More examples can be found here: examples/pooling/score

Supported Features

AS cross-encoder models are a subset of classification models that accept two prompts as input and output num_labels equal to 1, cross-encoder features should be consistent with (sequence) classification. For more information, see this page.

Score Template

Score templates are supported for cross-encoder models only. If you are using an embedding model for scoring, vLLM does not apply a score template.

Some scoring models require a specific prompt format to work correctly. You can specify a custom score template using the --chat-template parameter (see Chat Template).

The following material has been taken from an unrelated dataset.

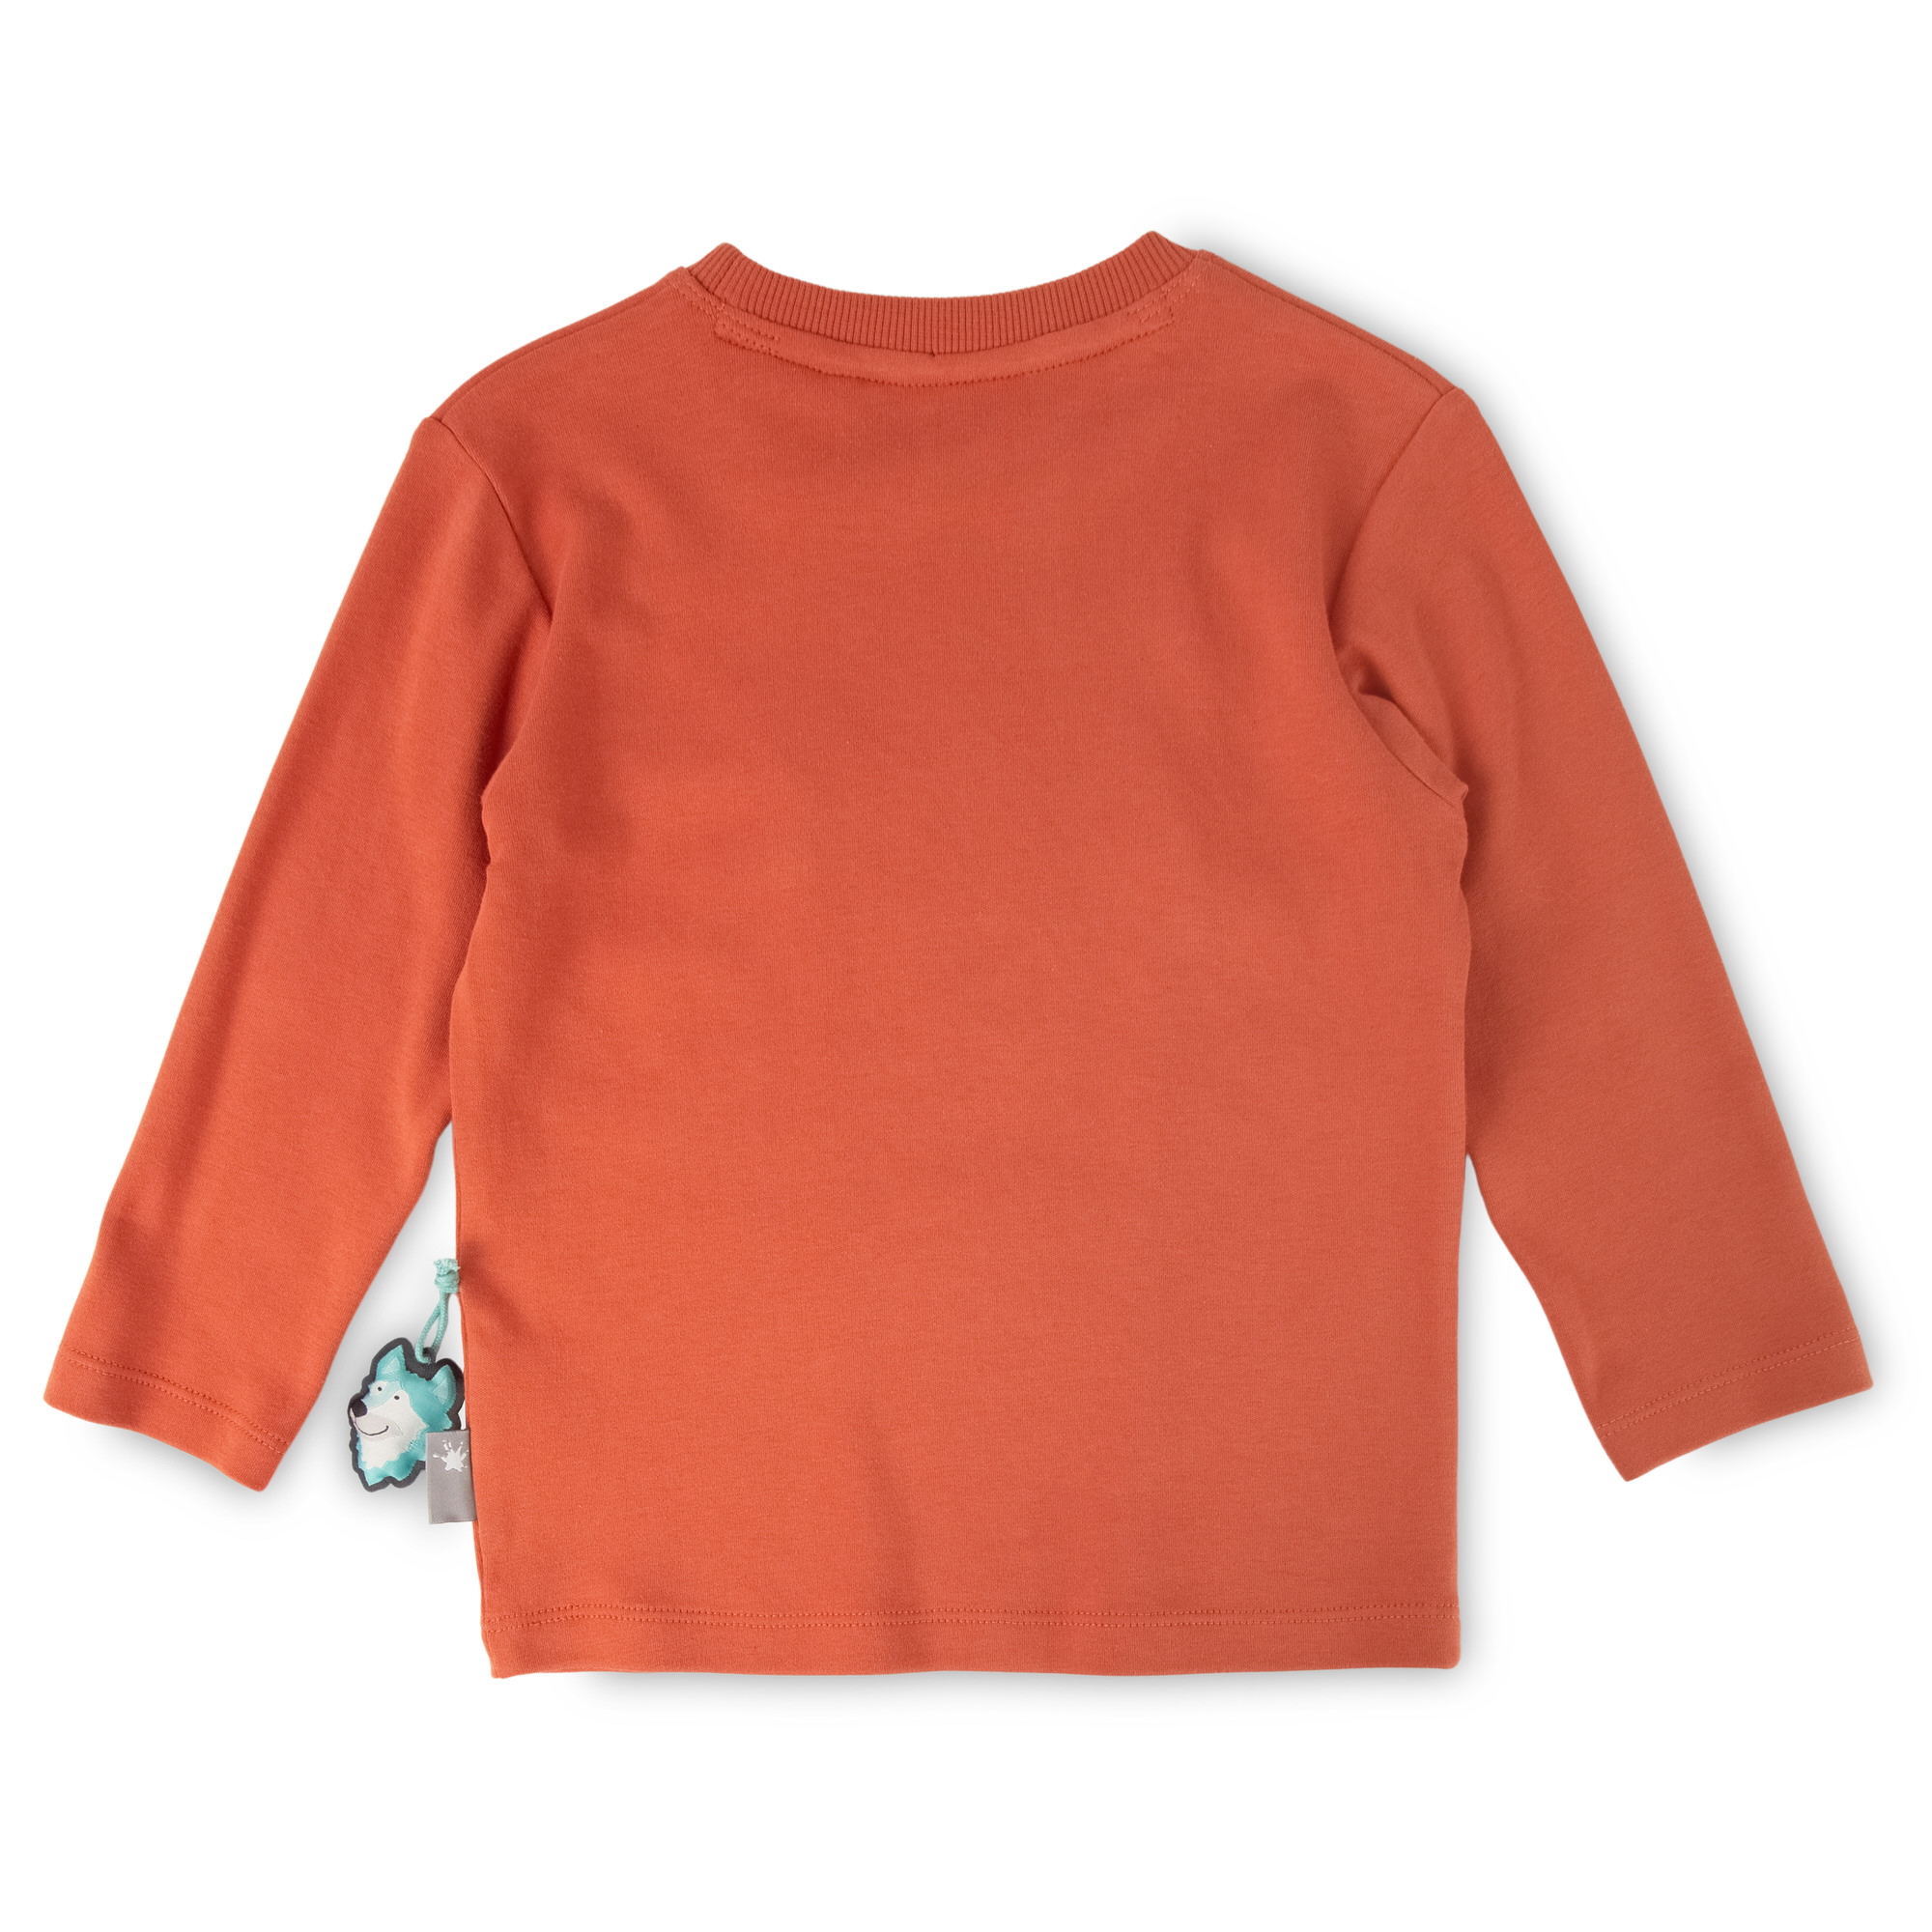 Kinder Langarmshirt mit Wal Motiv, orange

Like chat templates, the score template receives a messages list. For scoring, each message has a role attribute—either "query" or "document". For the usual kind of point-wise cross-encoder, you can expect exactly two messages: one query and one document. To access the query and document content, use Jinja's selectattr filter:

  • Query: {{ (messages | selectattr("role", "eq", "query") | first).content }}
  • Document: {{ (messages | selectattr("role", "eq", "document") | first).content }}

This approach is more robust than index-based access (messages[0], messages[1]) because it selects messages by their semantic role. It also avoids assumptions about message ordering if additional message types are added to messages in the future.

Example template file: examples/pooling/score/template/nemotron-rerank.jinja

Enable/disable activation

You can enable or disable activation via use_activation only works for cross-encoder models.